We will update the embassy-executor with the task-arena-size-65536 feature. For more details, refer to the Task Arena Size documentation here.

embassy-executor = { version = "0.6.3", features = ["task-arena-size-65536"] }

Update the embassy-net

To make some functions compatible with the latest picoserve crate, I needed to update embassy-net to version 0.5.0.
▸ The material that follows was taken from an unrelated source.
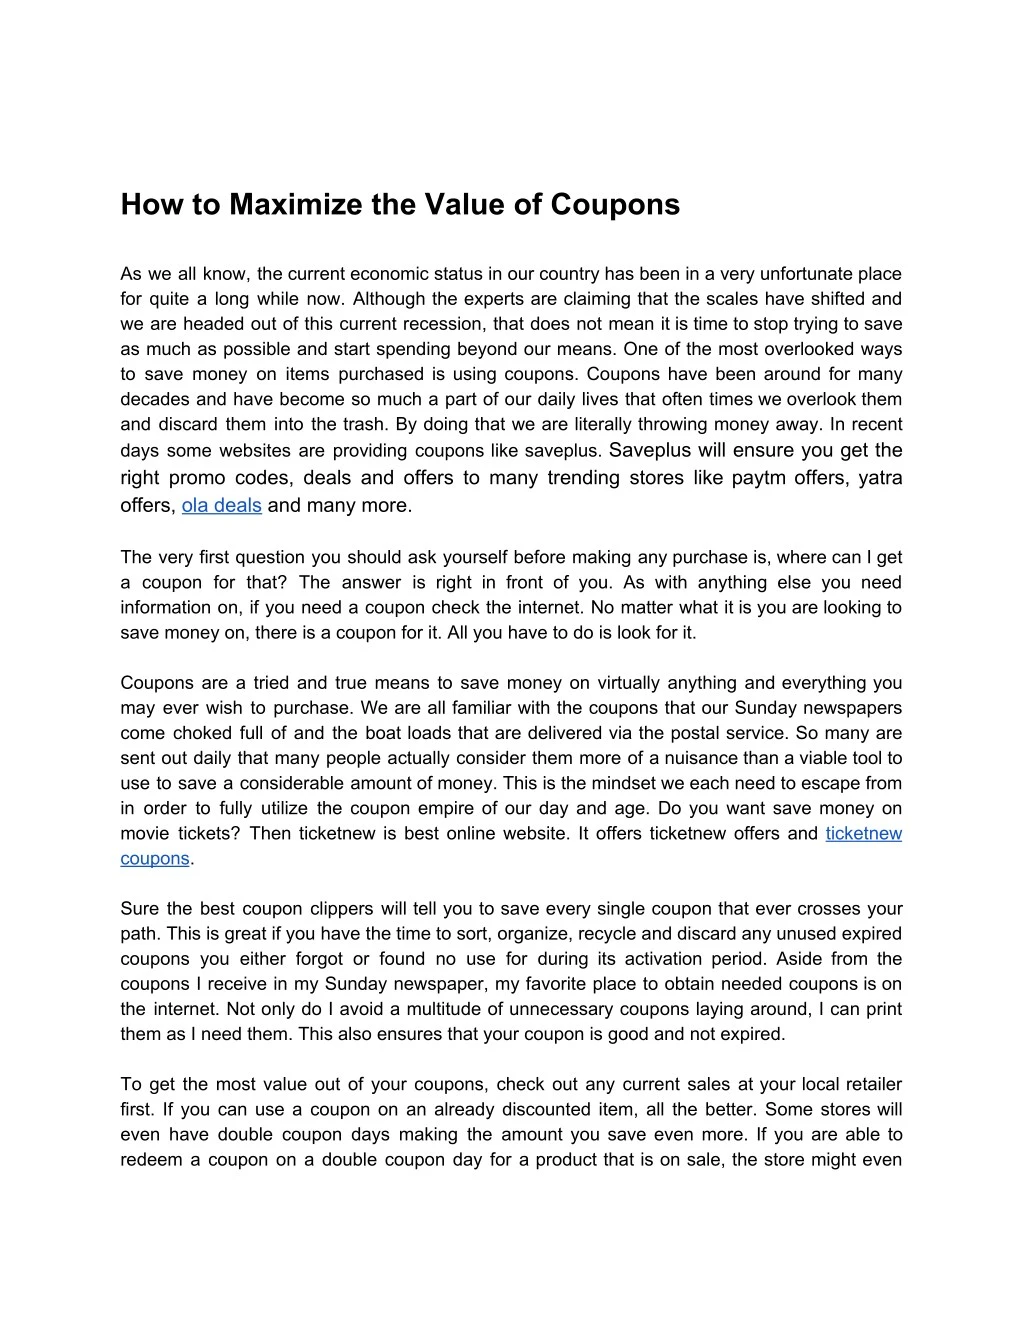 how to maximize the value of coupons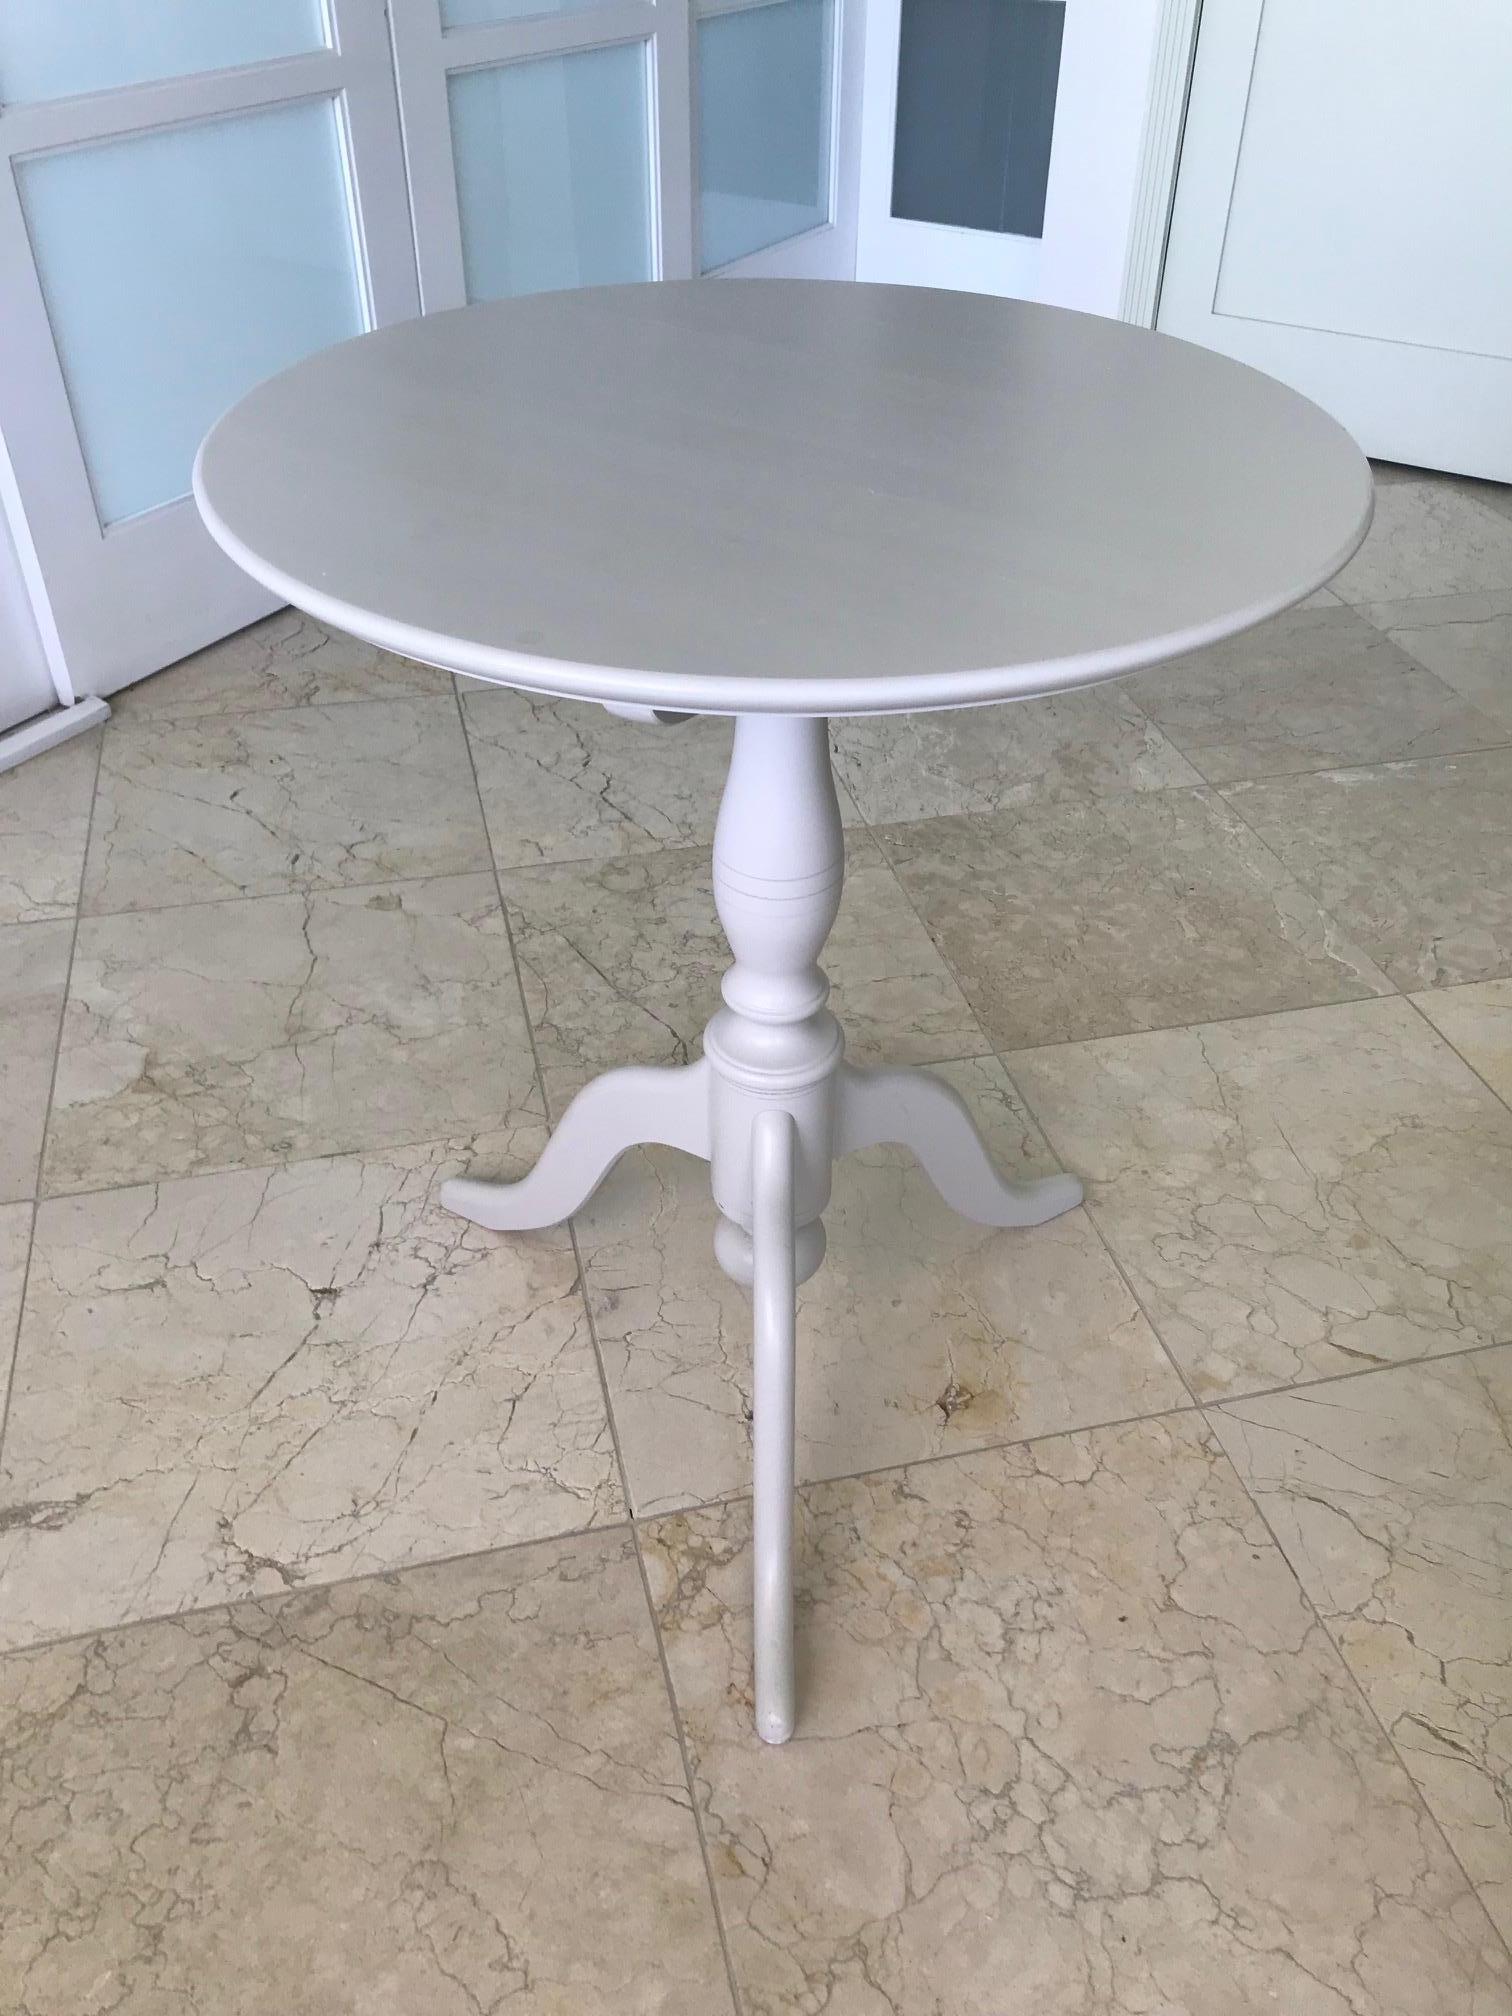 Based on Classic 19th century antique guéridon tables from Sweden featuring a round shaped tilt-top. This Gustavian style side table is hand painted in Classic gray / taupe finish. Elegant tilt-top over a turned wood pedestal base with hand carved

embassy-net = { version = "0.5.0", features = [
    "tcp",
    "udp",
    "dhcpv4",
    "medium-ethernet",
] }

Anyhow

This time, we will use anyhow::Error to handle errors in our code. You can achieve the same result without it, but I want to demonstrate how we can use anyhow for error handling. This library provides anyhow::Error, a trait object based error type that makes error handling in Rust applications easier and more idiomatic.

#![allow(unused)]
fn main() {
anyhow = { version = "1.0.95", default-features = false }
}

Lib Module

We will define a macro to create a static variable that can be dynamically initialized and accessed across program functions. Additionally, we will declare the required modules in lib.rs. 

#![allow(unused)]
#![no_std]
#![feature(impl_trait_in_assoc_type)]

fn main() {
pub mod web;
pub mod wifi;

// When you are okay with using a nightly compiler it's better to use https://docs.rs/static_cell/2.1.0/static_cell/macro.make_static.html
#[macro_export]
macro_rules! mk_static {
    ($t:ty,$val:expr) => {{
        static STATIC_CELL: static_cell::StaticCell<$t> = static_cell::StaticCell::new();
        #[deny(unused_attributes)]
        let x = STATIC_CELL.uninit().write(($val));
        x
    }};
}
}

Initialize Wi-Fi

First, I will import the library module and alias it as "lib". To access the modules defined within the library, we need to use the full project name. For consistency across different exercises, I will alias the module as "lib" in the import, so we can access them using "lib::web" instead of "wifi_ap::web" or "wifi_led::web" in different exercises.

#![allow(unused)]
fn main() {
use wifi_ap as lib;
}

To initialize the Wi-Fi controller, we first set up the necessary peripherals, including the timer, random number generator, and radio clock. 

#![allow(unused)]
fn main() {
let rng = Rng::new(peripherals.RNG);
let timg0 = esp_hal::timer::timg::TimerGroup::new(peripherals.TIMG0);
let wifi_init = lib::mk_static!(
    EspWifiController<'static>,
    esp_wifi::init(
        timg0.timer0,
        rng,
        peripherals.RADIO_CLK,
    )
    .unwrap()
);
}

Spawn tasks

Next, we create the Wi-Fi stack by calling the start_wifi function, which we will define in the next chapter. This function starts the Wi-Fi connection and network tasks in the background. Additionally, we create a WebApp instance and spawn multiple web tasks based on the pool size. These web tasks are responsible for handling incoming web requests.

#![allow(unused)]
fn main() {
    // Configure and Start Wi-Fi tasks
    let stack = lib::wifi::start_wifi(wifi_init, peripherals.WIFI, rng, &spawner).await.unwrap();

    // Web Tasks
    let web = lib::web::WebApp::default();
    for id in 0..lib::web::WEB_TASK_POOL_SIZE {
        spawner.must_spawn(lib::web::web_task(id, *stack, web.app, web.config));
    }
    println!("Web server started...");
}